WHAT NEEDS TO BE DONE -
Return the lines of the listing below exactly as they appear, beginning at the one with "Buy BHTOP Portable" and stopping after the one with "Gold Plated Cuban"; do not include pictures.
[[ DATA EXTRACT open ]]
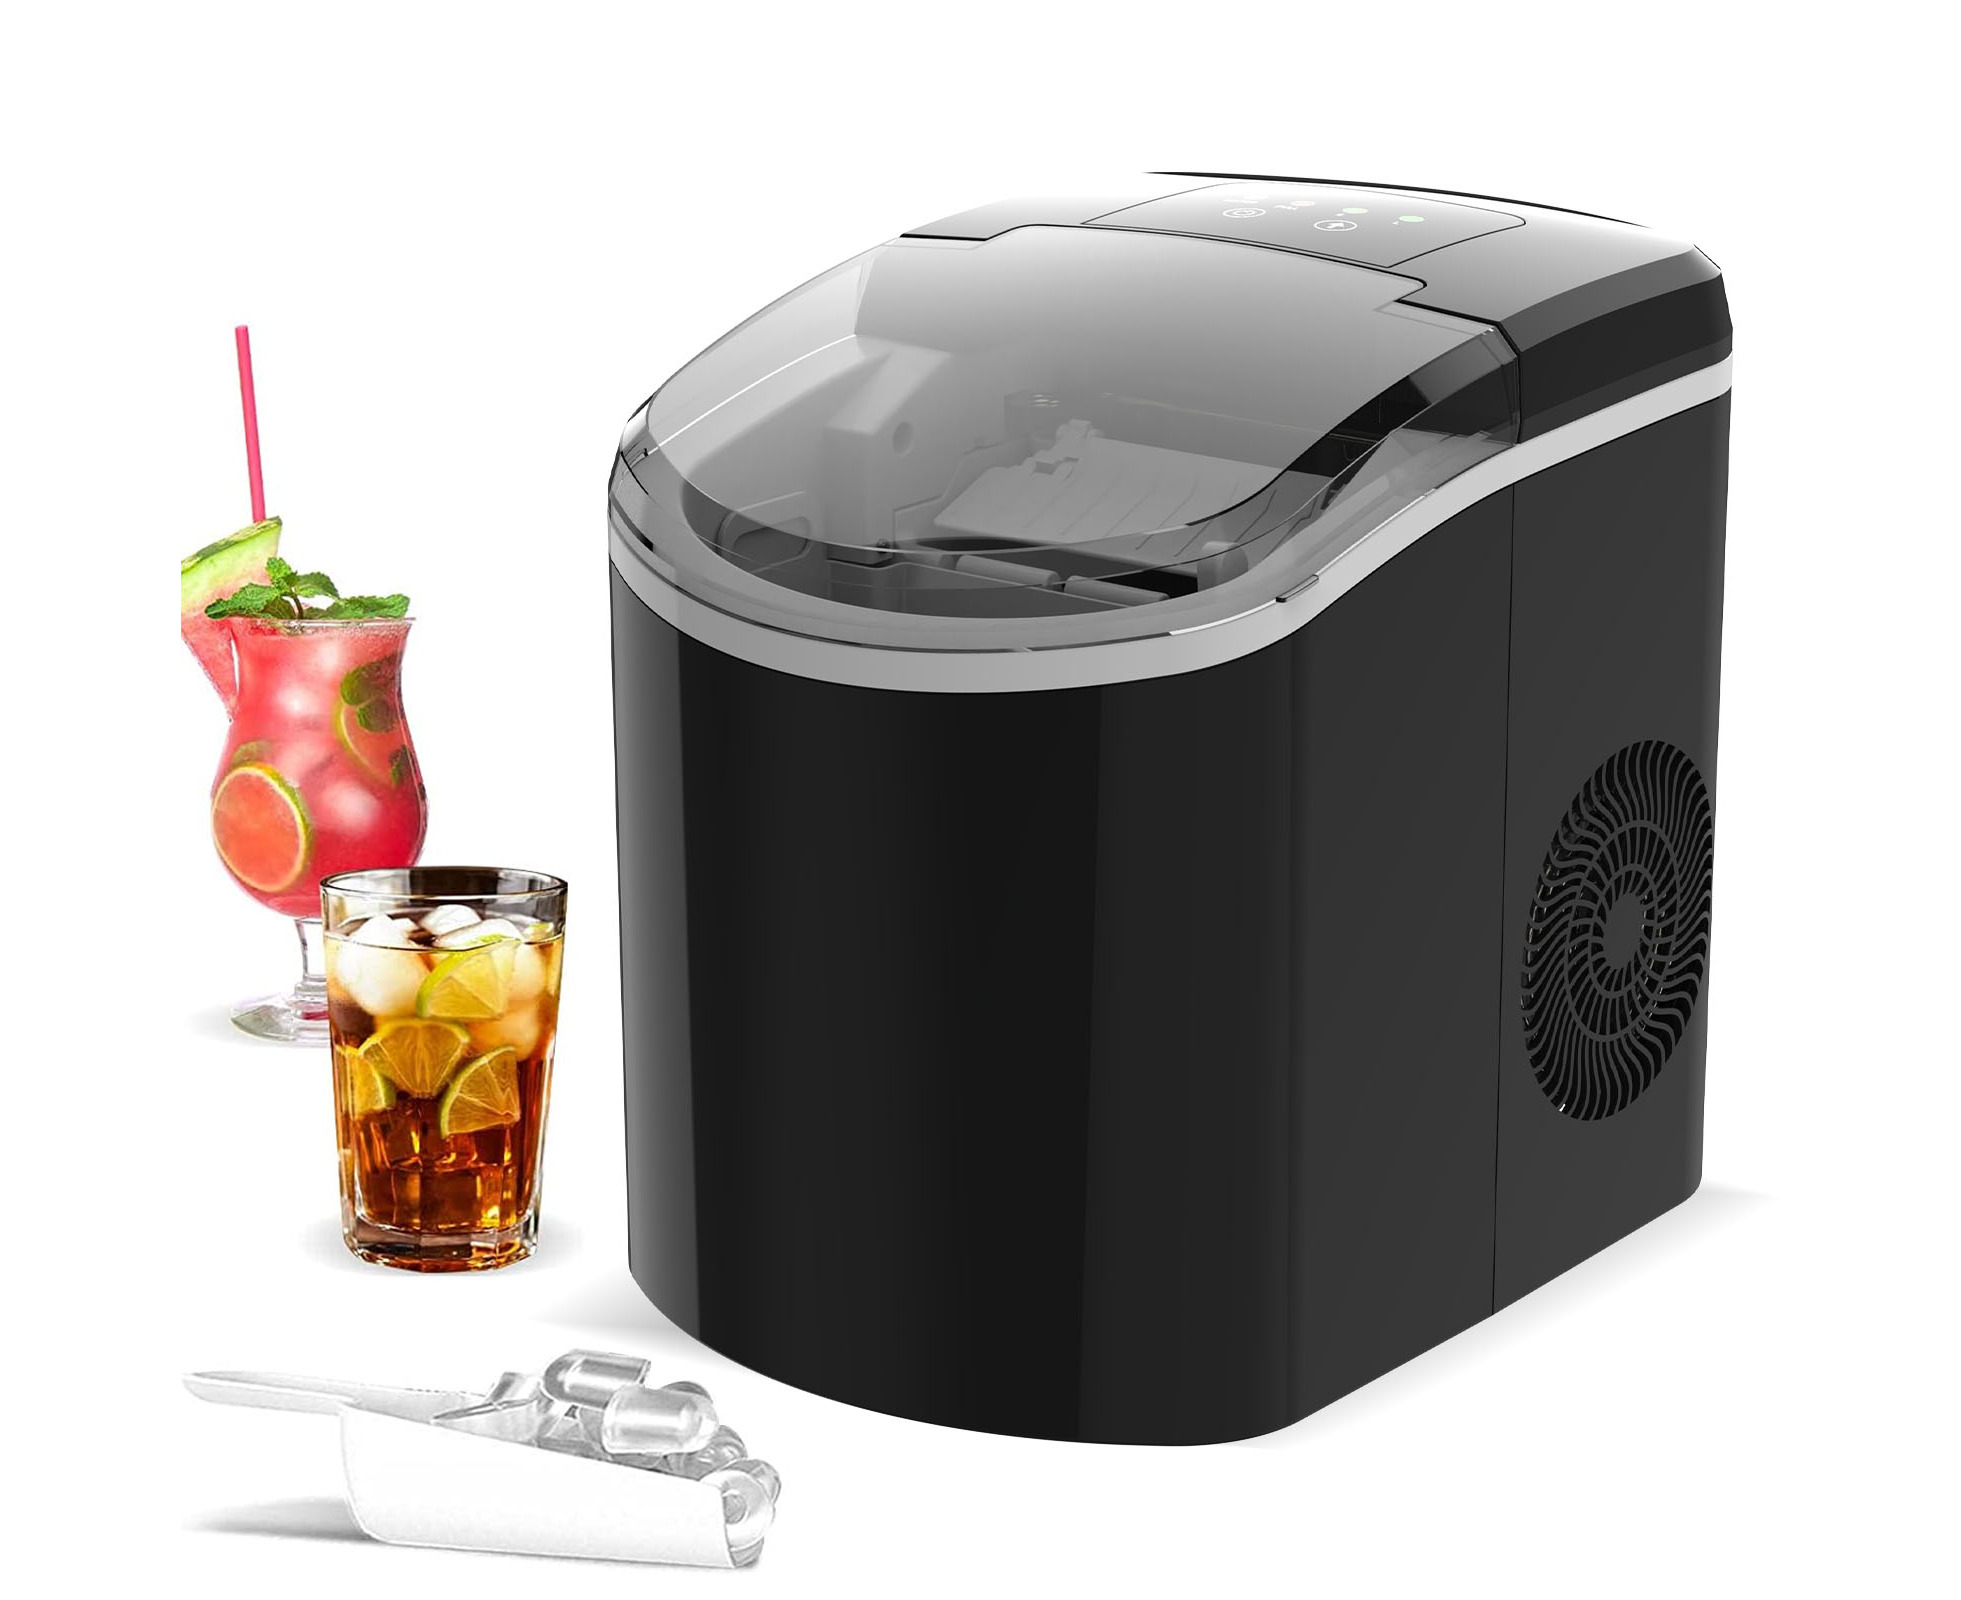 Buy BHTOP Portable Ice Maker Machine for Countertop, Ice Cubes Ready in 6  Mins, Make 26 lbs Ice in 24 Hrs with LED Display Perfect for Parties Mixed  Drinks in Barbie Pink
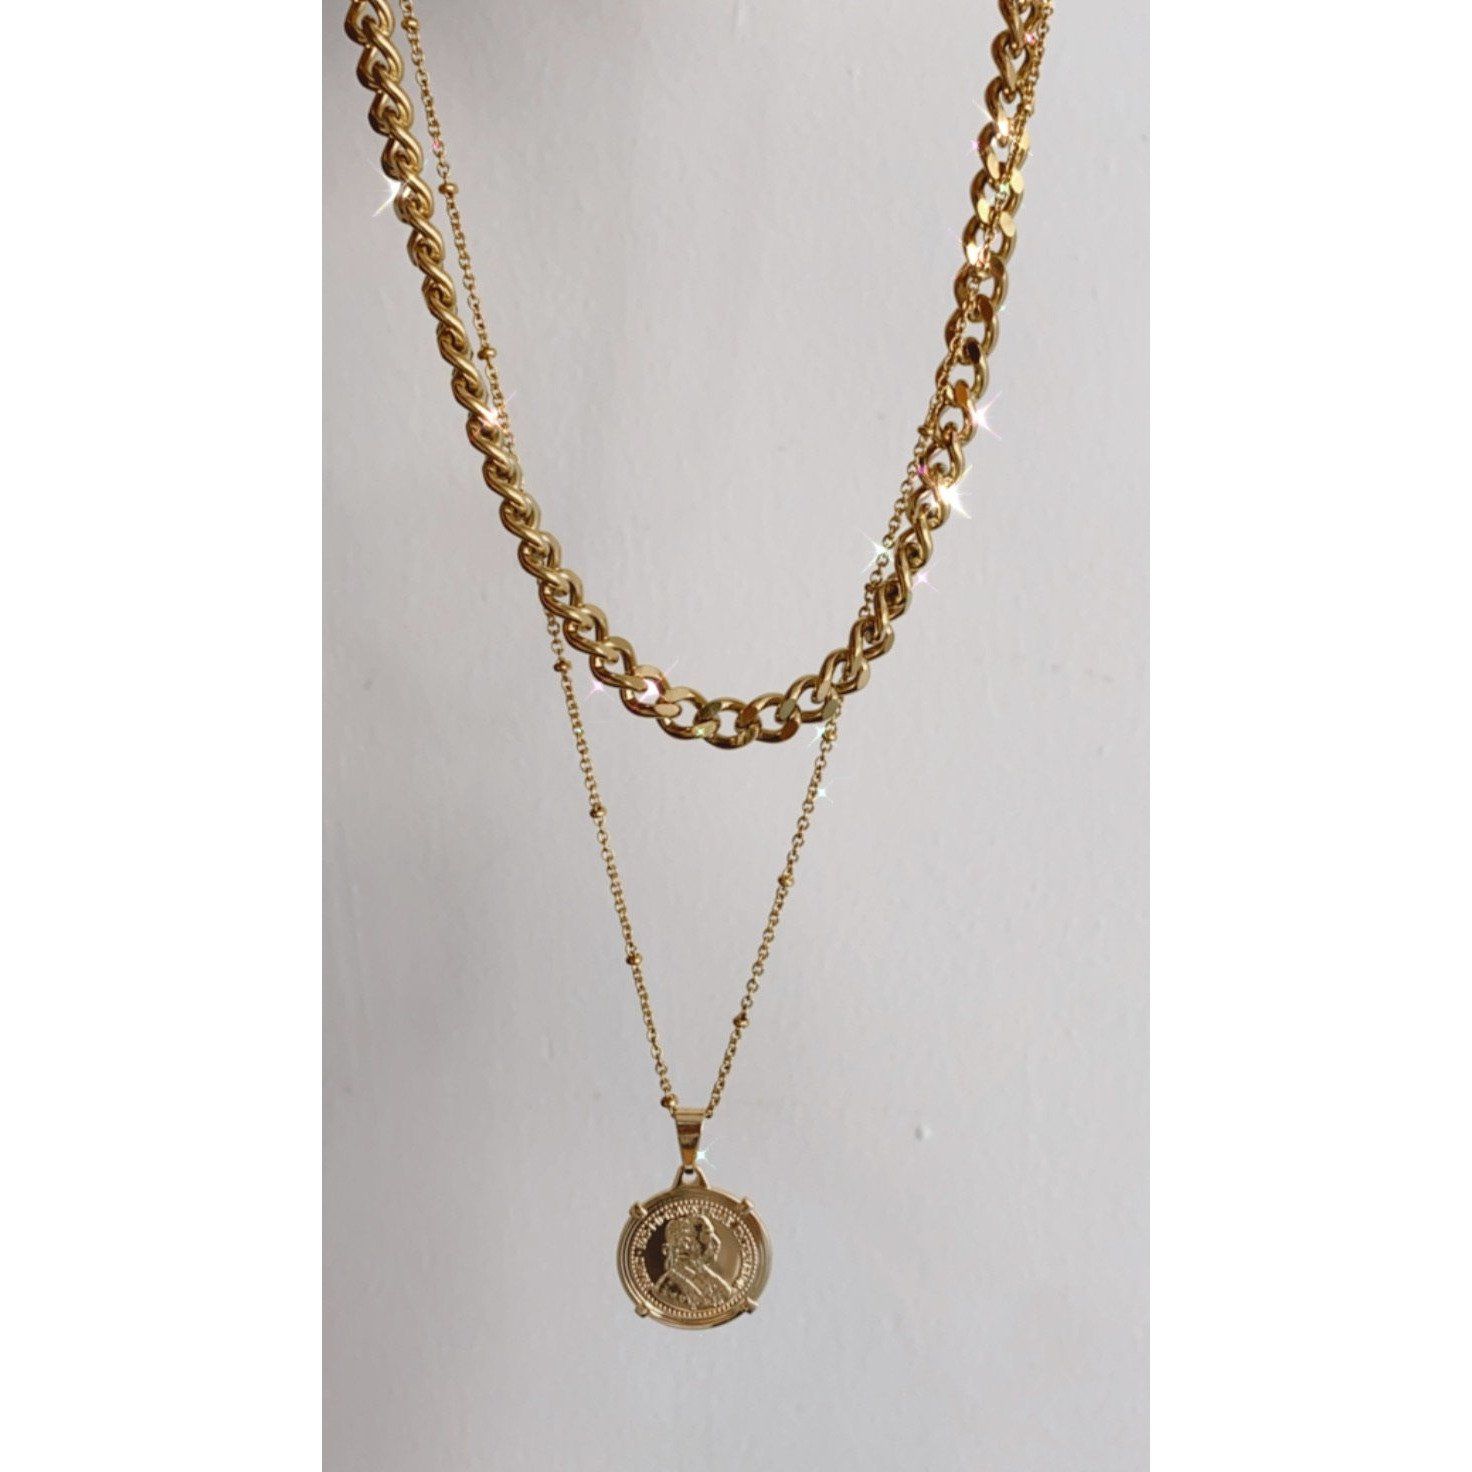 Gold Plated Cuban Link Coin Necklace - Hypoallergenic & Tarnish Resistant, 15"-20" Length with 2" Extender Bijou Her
[[ DATA EXTRACT closed ]]
[[ DATA EXTRACT open ]]
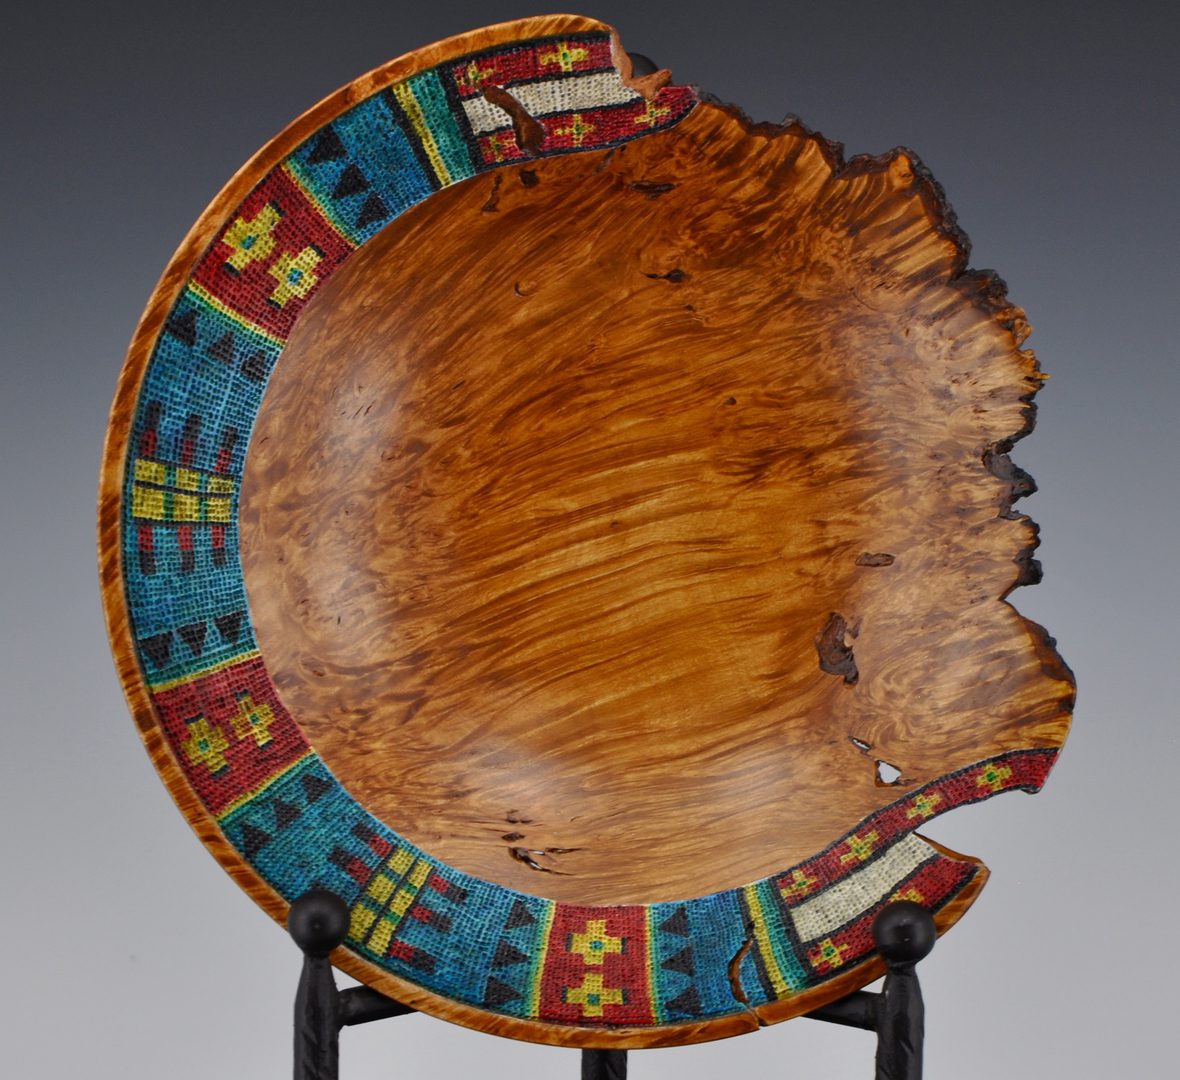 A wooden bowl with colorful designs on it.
[[ DATA EXTRACT closed ]]
WORKED SOLUTION -
 Buy BHTOP Portable Ice Maker Machine for Countertop, Ice Cubes Ready in 6  Mins, Make 26 lbs Ice in 24 Hrs with LED Display Perfect for Parties Mixed  Drinks in Barbie Pink
 Gold Plated Cuban Link Coin Necklace - Hypoallergenic & Tarnish Resistant, 15"-20" Length with 2" Extender Bijou Her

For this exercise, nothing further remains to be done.